Exercise goal -> Only the lines from the one containing "Titan Heavy Duty" through the last line below belong in your copy; transcribe them exactly and omit any pictures.

Information supplied ->
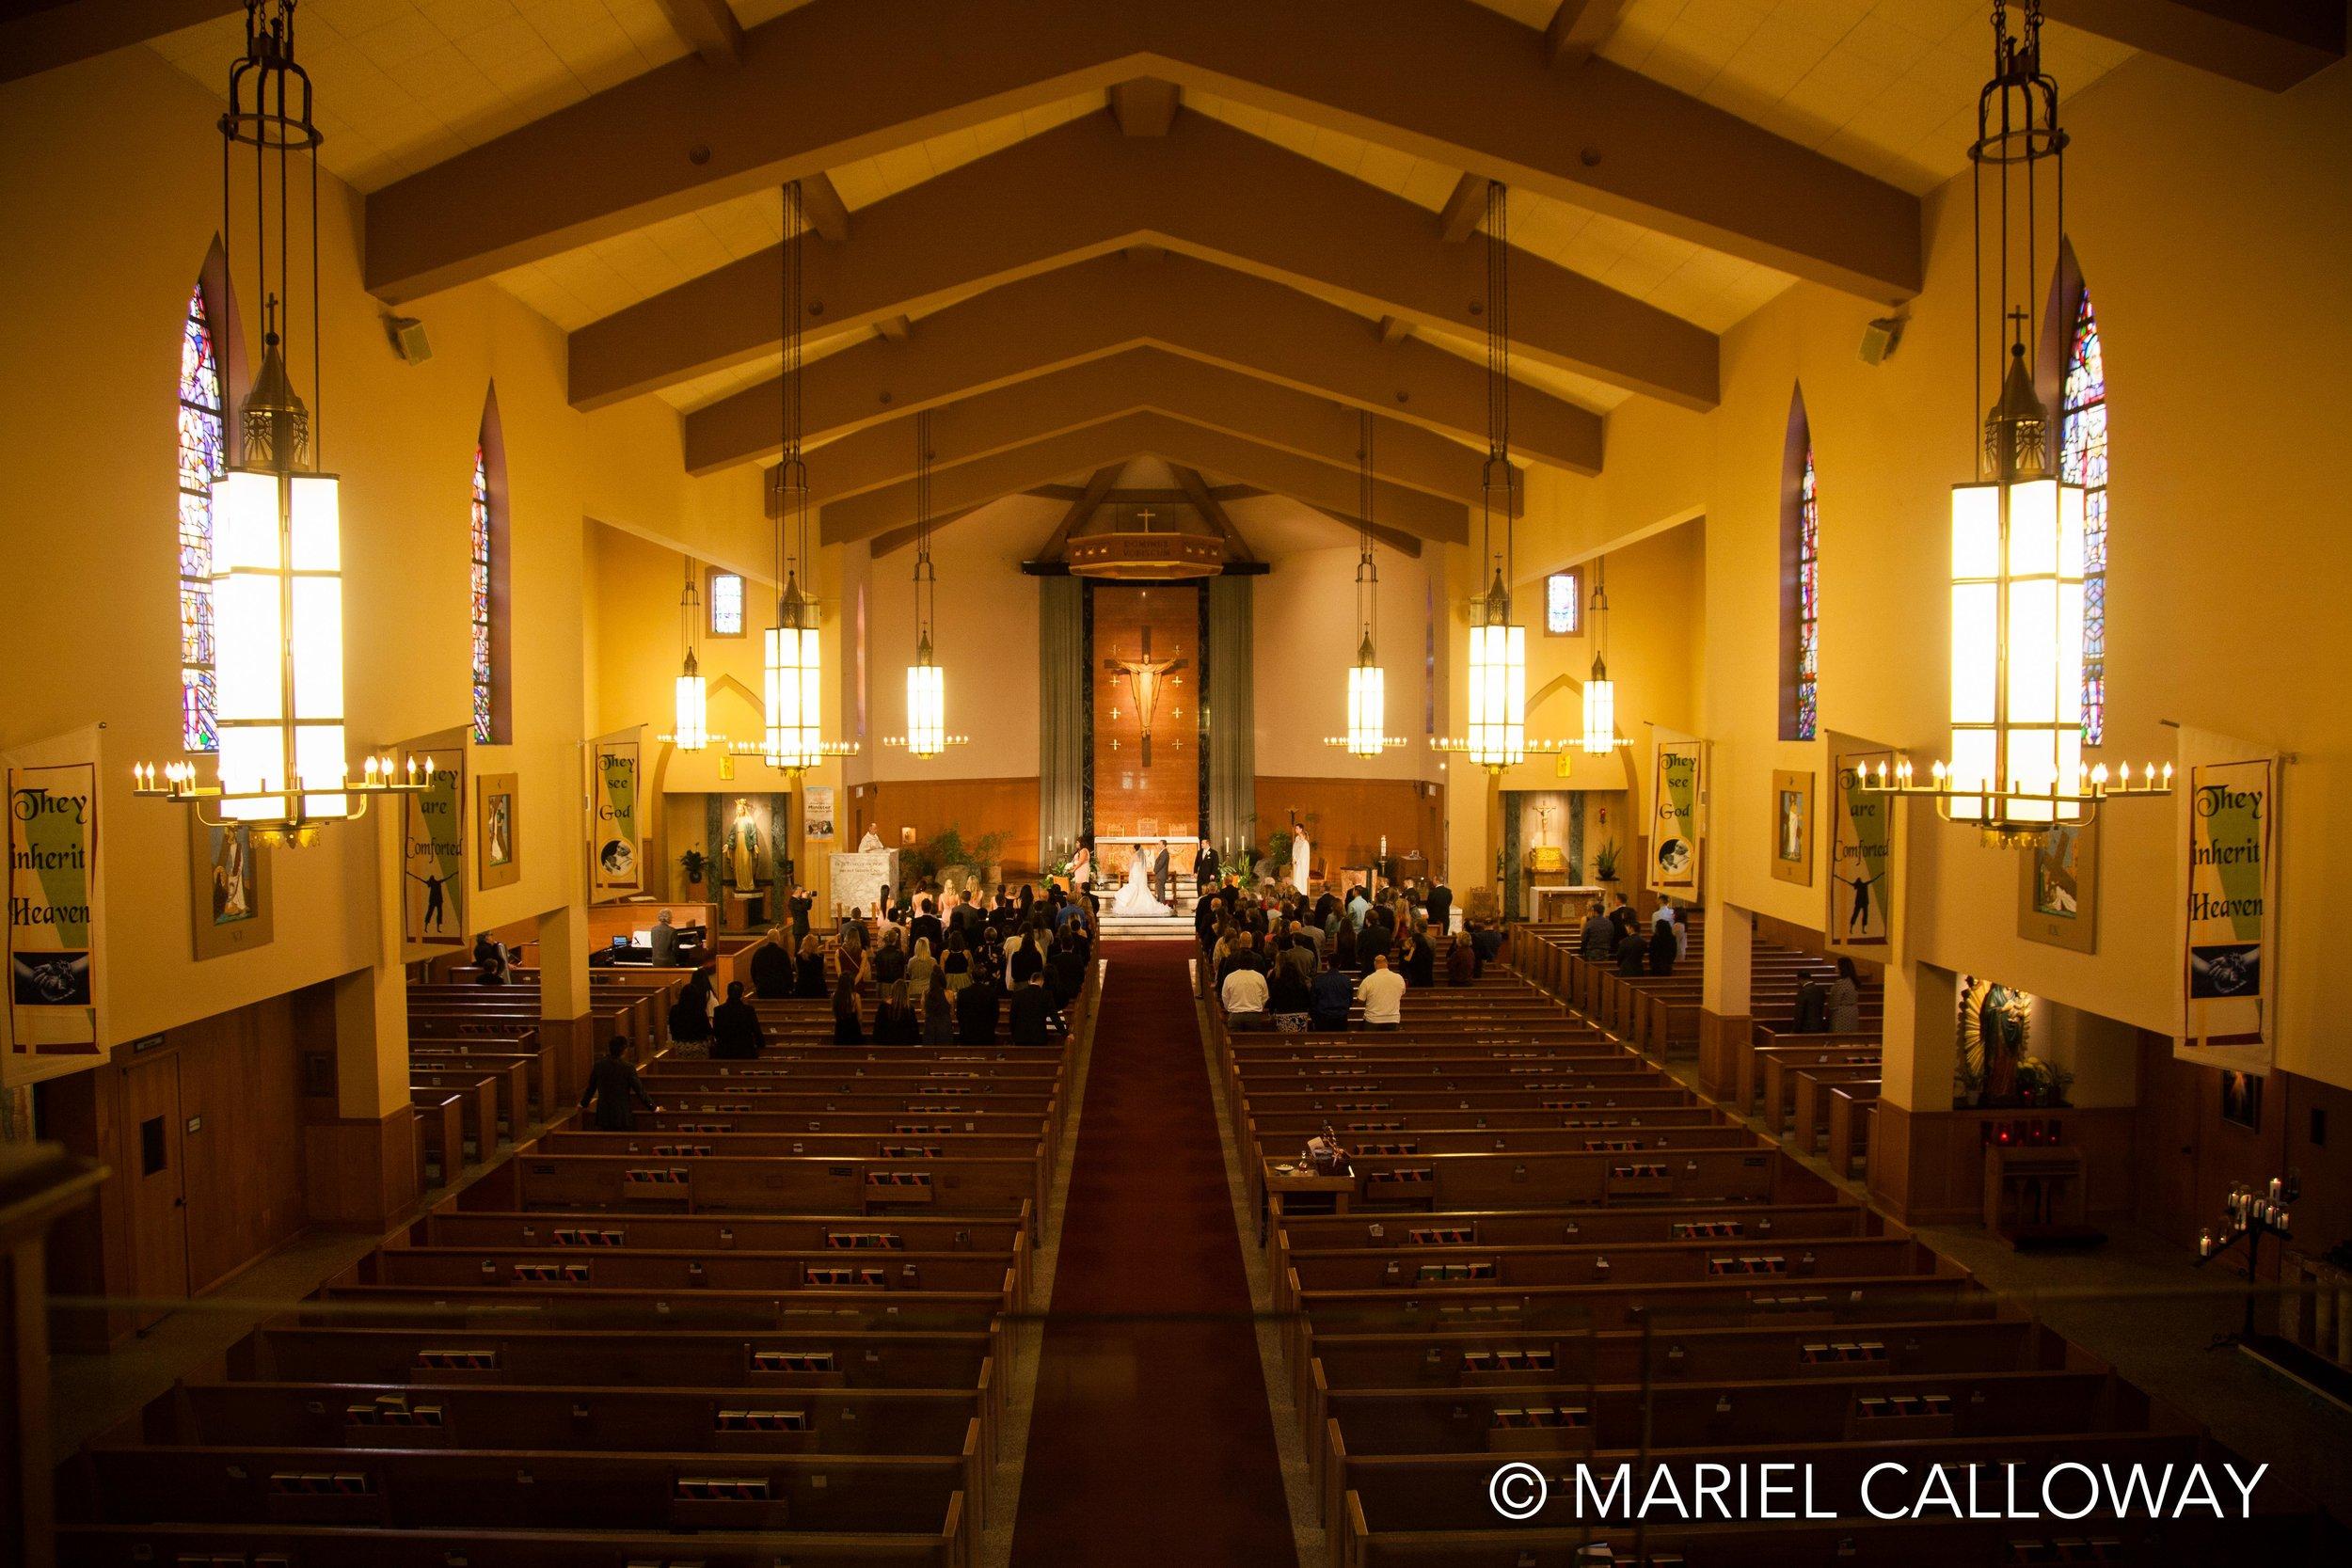 Mariel-Calloway-Los-Angeles-Wedding-Photography-Rossi-44.jpg
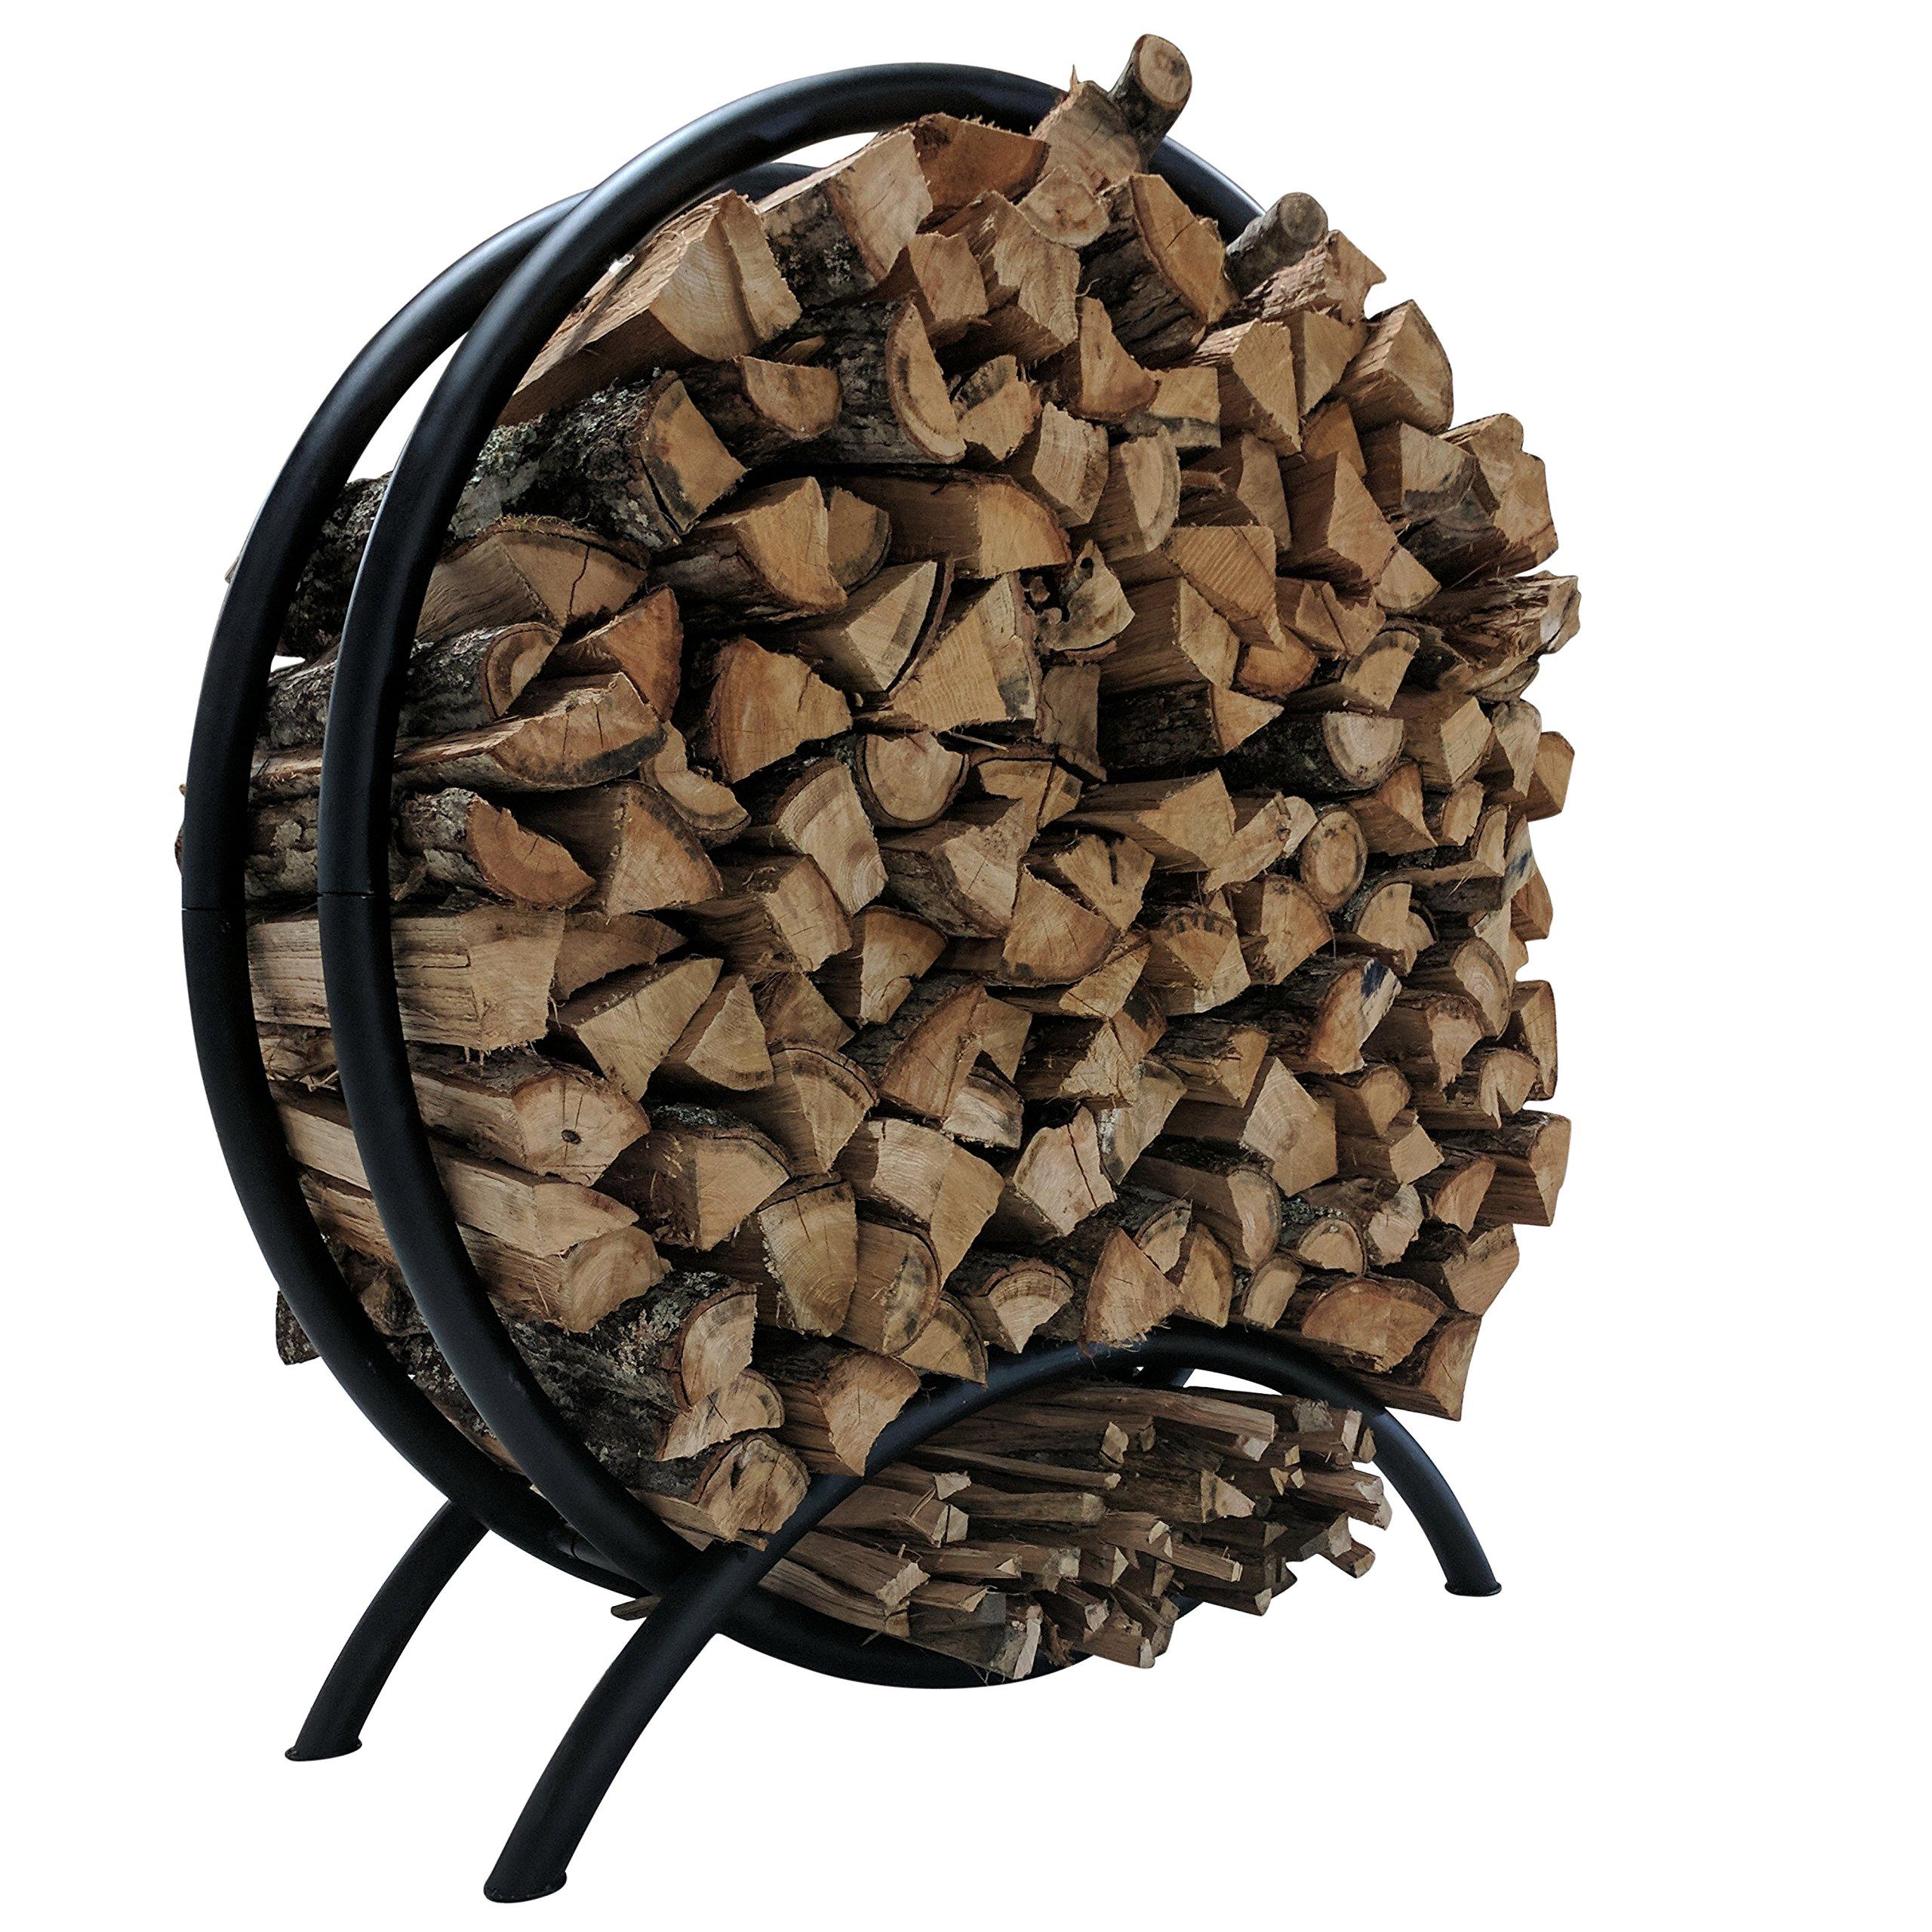 Titan Heavy Duty Firewood Log Rack (54'' Circular)
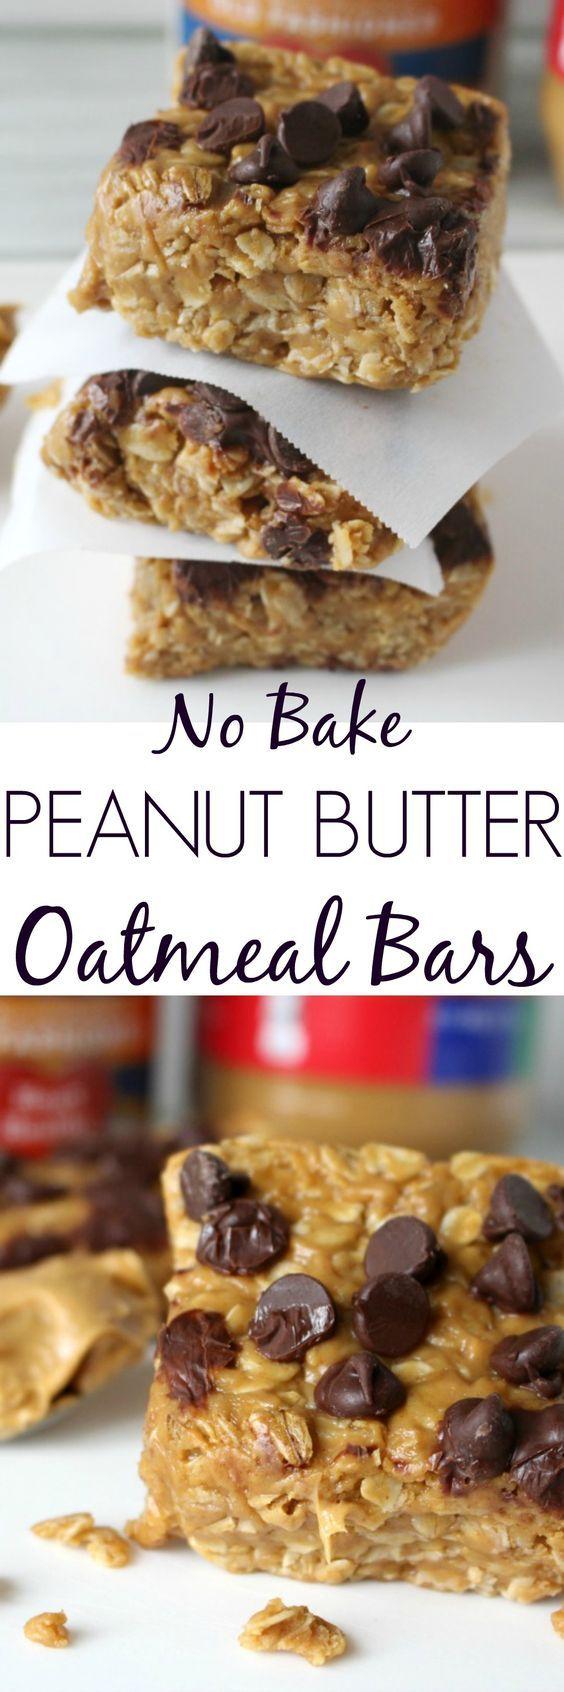 No Bake Peanut Butter Oatmeal Bars  Princess Pinky Girl (Vegan Muffin Peanut Butter)

Solution ->
 Titan Heavy Duty Firewood Log Rack (54'' Circular)
 No Bake Peanut Butter Oatmeal Bars  Princess Pinky Girl (Vegan Muffin Peanut Butter)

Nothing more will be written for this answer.